Gaucher disease

Gaucher disease: features, diagnosis and treatment

Gaucher disease belongs to the group of sphingolipidoses - rare hereditary lipid storage diseases that arise due to a defect in the gene responsible for the synthesis of the lysosomal hydrolytic enzyme pglucocerebrosidase fglycosidase. Defect and deficiency of this enzyme lead to impaired utilization of lipids and their accumulation in macrophages, mainly of the bone marrow, spleen and liver.

There are three types of Gaucher disease. Type 1, or benign, is 30 times more common among Western European Ashkenazi Jews. There are no neurological disorders, and visceral changes are associated mainly with hematopoietic organs, enlarged spleen, hypersplenism and bone tissue destruction. With the other two types, no ethnic predominance was noted. Type 2 is a malignant form of the process with severe neurological disorders that manifest themselves in newborns and lead to death in the first 2 years of life. Type 3 is characterized by variability in visceral and neurological disorders and is less malignant in course than type 2. The variety of forms of Gaucher disease is due to the heterogeneity of mutations in the glycosidase gene.

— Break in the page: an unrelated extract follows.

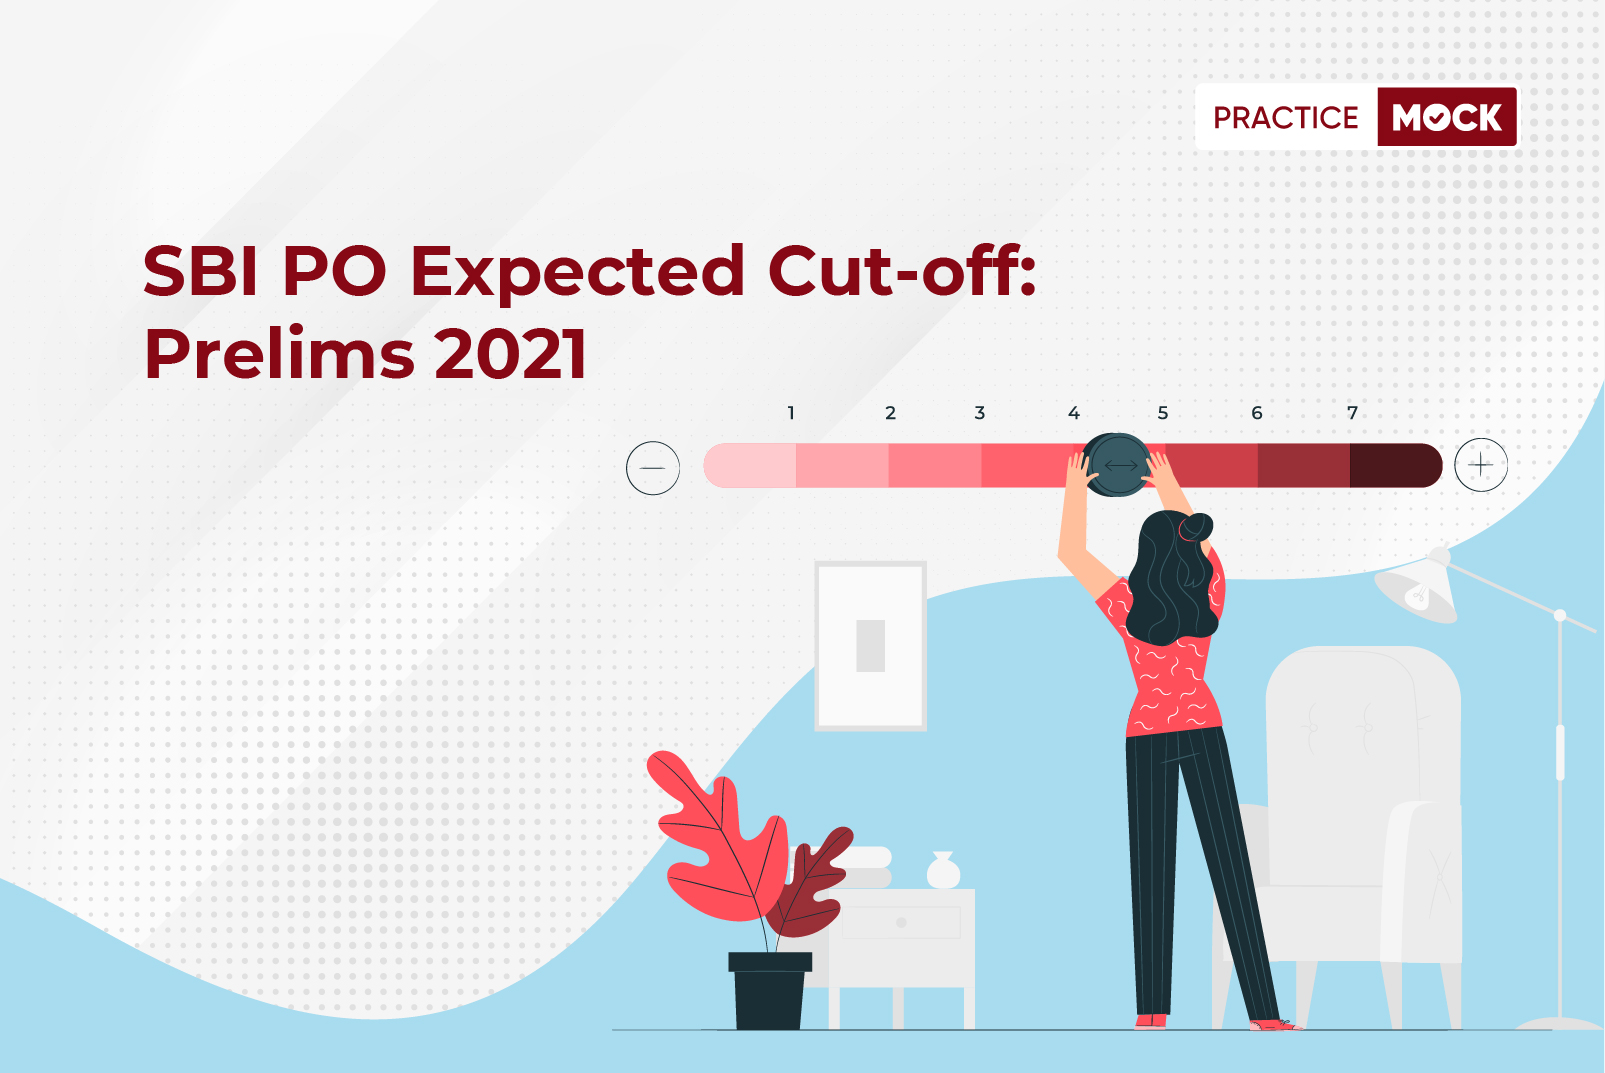 SBI PO Expected Cut-off Prelims 2021
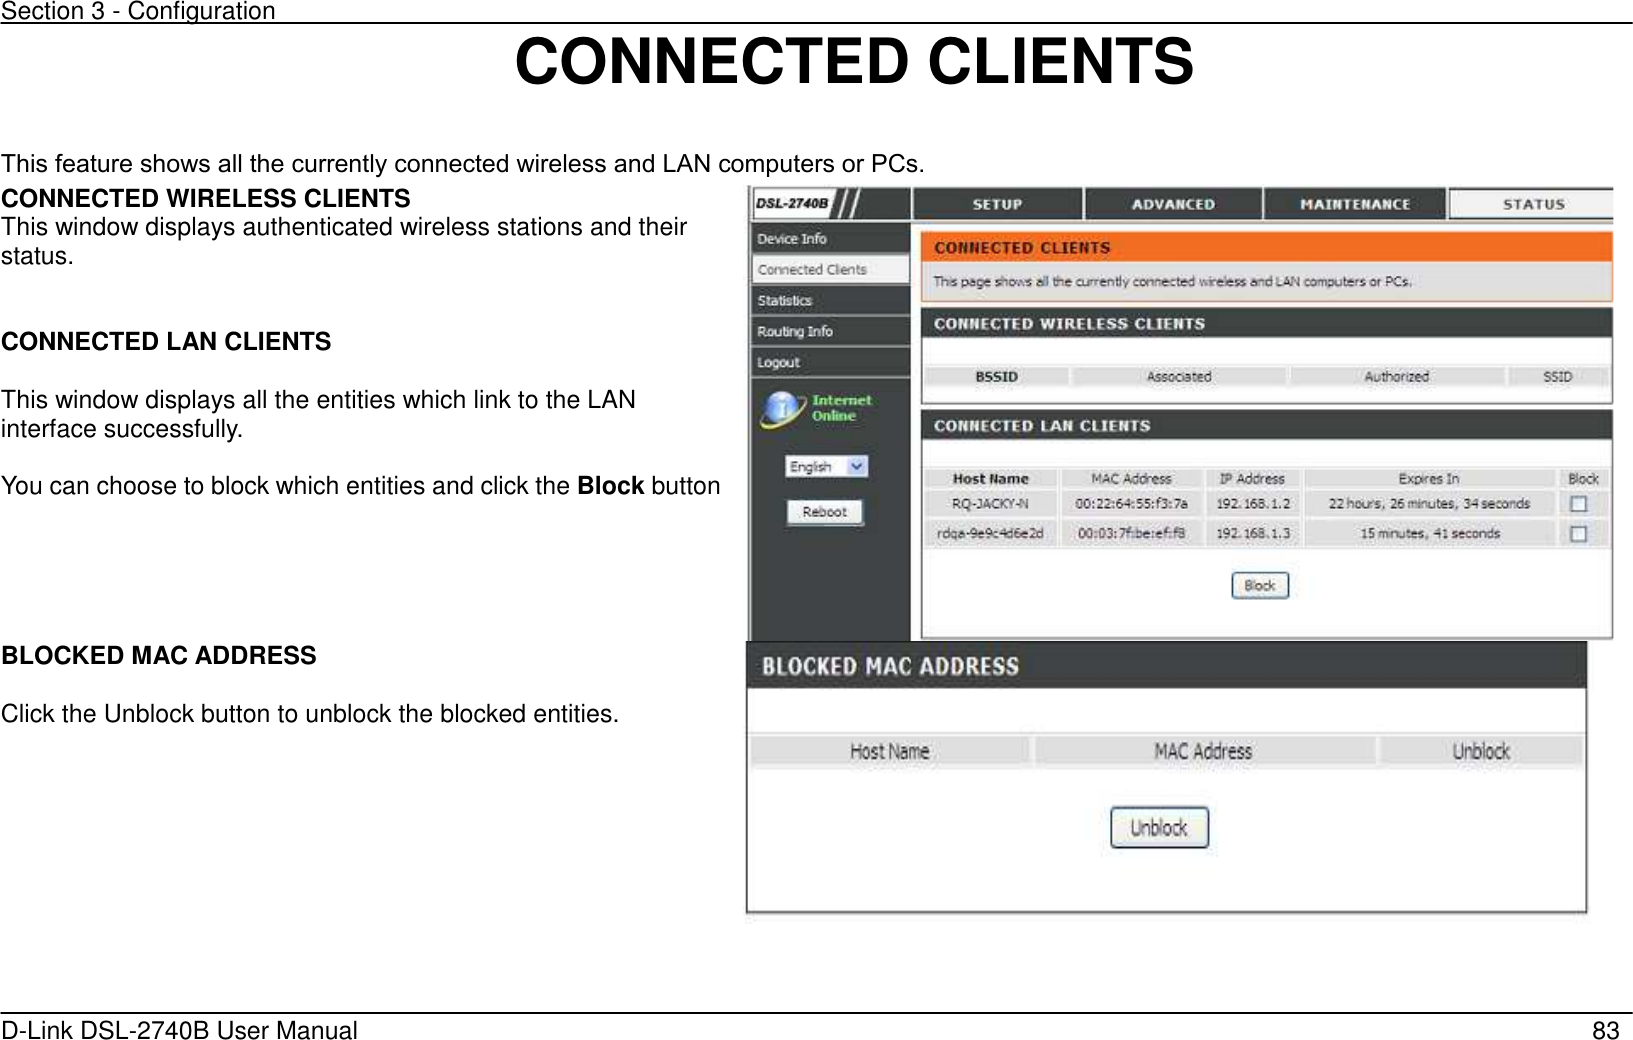 Section 3 - Configuration   D-Link DSL-2740B User Manual                                                  83 CONNECTED CLIENTS  This feature shows all the currently connected wireless and LAN computers or PCs. CONNECTED WIRELESS CLIENTS This window displays authenticated wireless stations and their status.   CONNECTED LAN CLIENTS  This window displays all the entities which link to the LAN interface successfully.  You can choose to block which entities and click the Block button BLOCKED MAC ADDRESS  Click the Unblock button to unblock the blocked entities.

Gaucher disease is inherited recessively, meaning that children of an affected parent usually do not get the disease. However, there are cases of illness among nephews, aunts and uncles. The gene mutation leading to Gaucher disease apparently contributed to the evolutionary selection of individuals with this defect, which determined the prevalence of this mutation in one of the ethnic groups.

The pathogenesis of Gaucher disease is associated with the accumulation of lipids - glucocerebrosides in macrophages. Due to their reproduction, the spleen and liver enlarge, and the structure of the tubular bones is disrupted. The clinical picture first manifests itself as an asymptomatic enlargement of the spleen, then the liver, as well as bone pain. Cytopenia gradually increases in the blood. An abundance of Gaucher cells is found in the bone marrow, liver and spleen.

The diagnosis of Gaucher disease can be suspected when specific Gaucher cells (a lymphocyte-like nucleus, eccentrically located, and a very wide light periphery) are detected in a bone marrow smear or splenic biopsy. Confirmation of the diagnosis occurs by determining the activity of glucocerebrosidase in blood leukocytes or skin fibroblasts. The discovery of two alleles with pathogenic mutations in the glycosidase gene confirms the hereditary nature of the disease.

Treatment of Gaucher disease is aimed at replacement therapy, which consists of regular administration of exogenous glycosidase into the patient's body. This makes it possible to reduce the accumulation of glucocerebrosides in tissues and slow down the progression of visceral and neurological disorders. A promising treatment method is gene therapy, which is aimed at restoring the normal functioning of the damaged gene. However, this technology is currently in the research and development stage. An important place in the treatment of Gaucher disease is occupied by palliative therapy, which is aimed at improving the patient’s quality of life and preventing complications.